Internações na Dependência Química

Movida por observar constantes dúvidas em pessoas não técnicas sobre os tipos de internação em psiquiatria e dependência química, surgiu a ideia e o amável convite a escrever este breve artigo, que espero, seja esclarecedor para as famílias e pessoas que convivem com a doença da drogadição.

Inicialmente, tendo em mente que a dependência química é uma doença, assim catalogada na CID[1] e DSM-5[2]. Parte-se da premissa que todas as internações de dependentes químicos são internações psiquiátricas e, como tal, devem ser abordadas.

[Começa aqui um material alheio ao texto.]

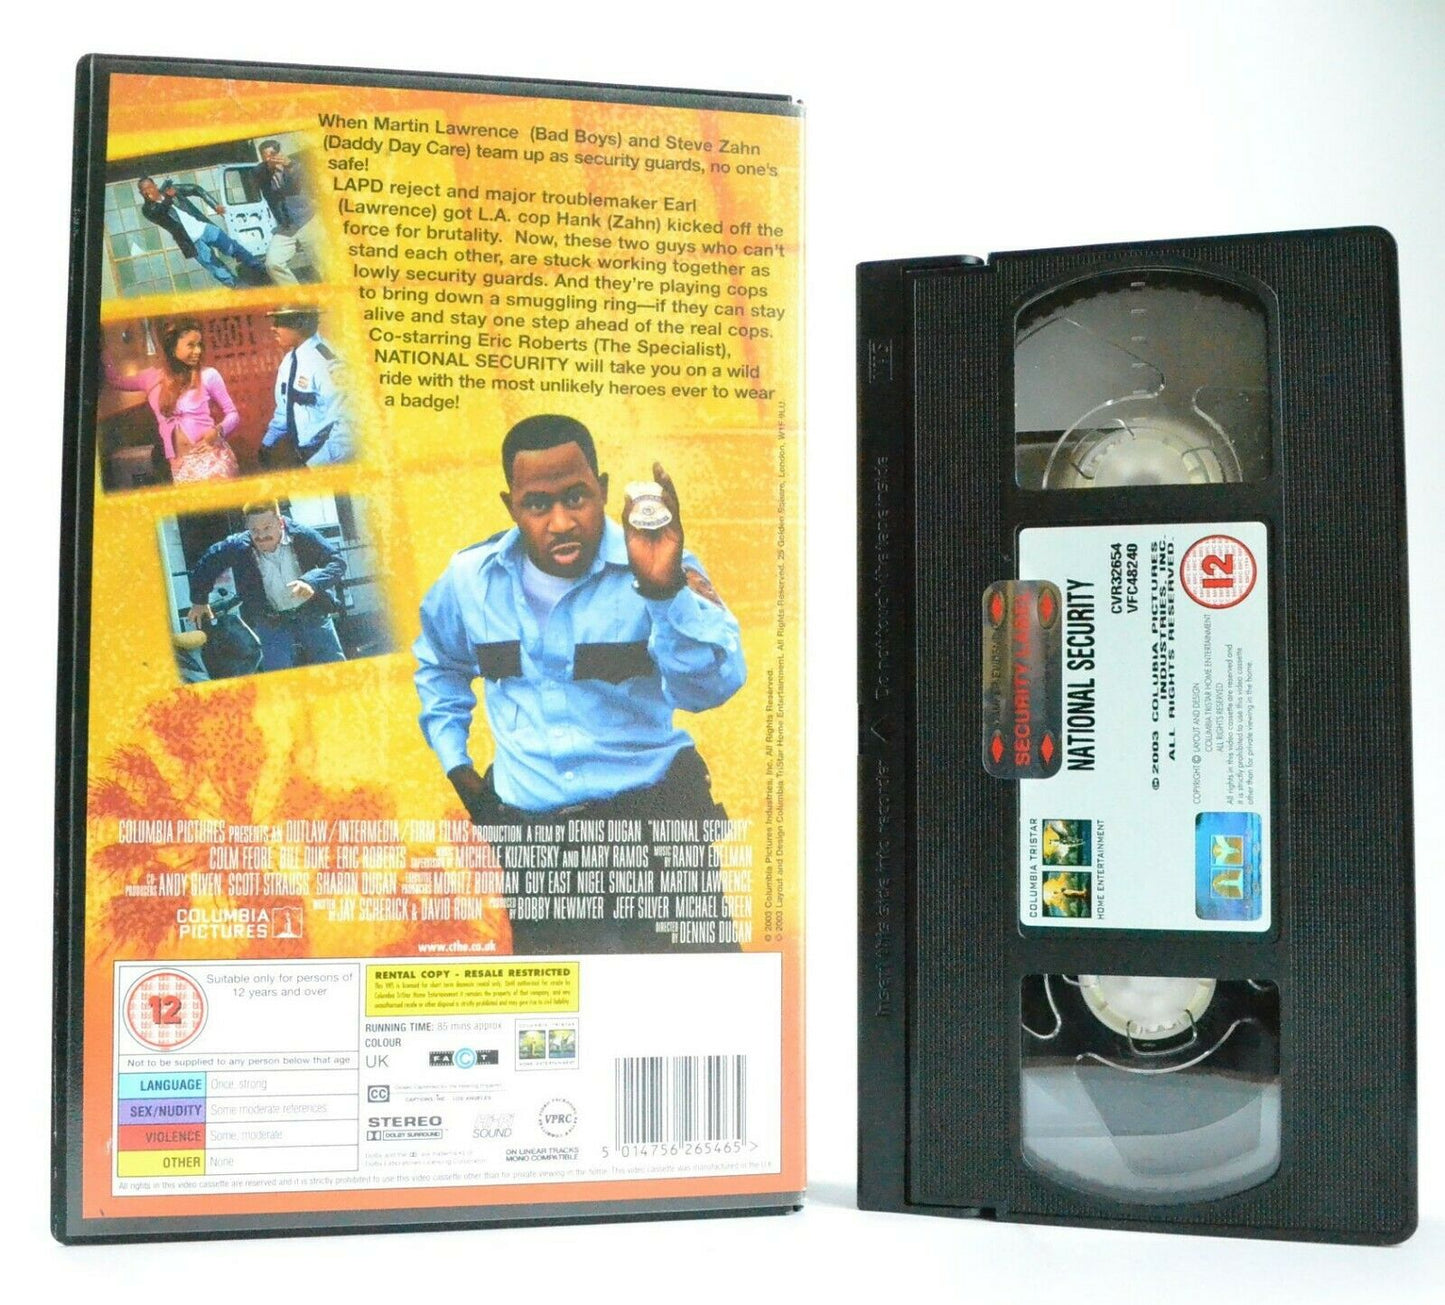 National Security: Action Comedy (2003) - Large Box - Martin Lawrence - Pal VHS-

O pensamento nas internações psiquiátricas, nos remetem a um triste passado, não tão distante, onde as doenças mentais eram rotuladas pela moralidade e sem muitos recursos na medicina e farmacologia, formavam um cenário de horror, sendo os manicômios verdadeiros depósitos de pessoas com uso indiscriminado de terapias radicais, muitas vezes como instrumento de experimentos em cobaias humanas ou mesmo castigo aos pacientes incontroláveis, tais como o eletrochoque, o coma insulínico e a lobotomia.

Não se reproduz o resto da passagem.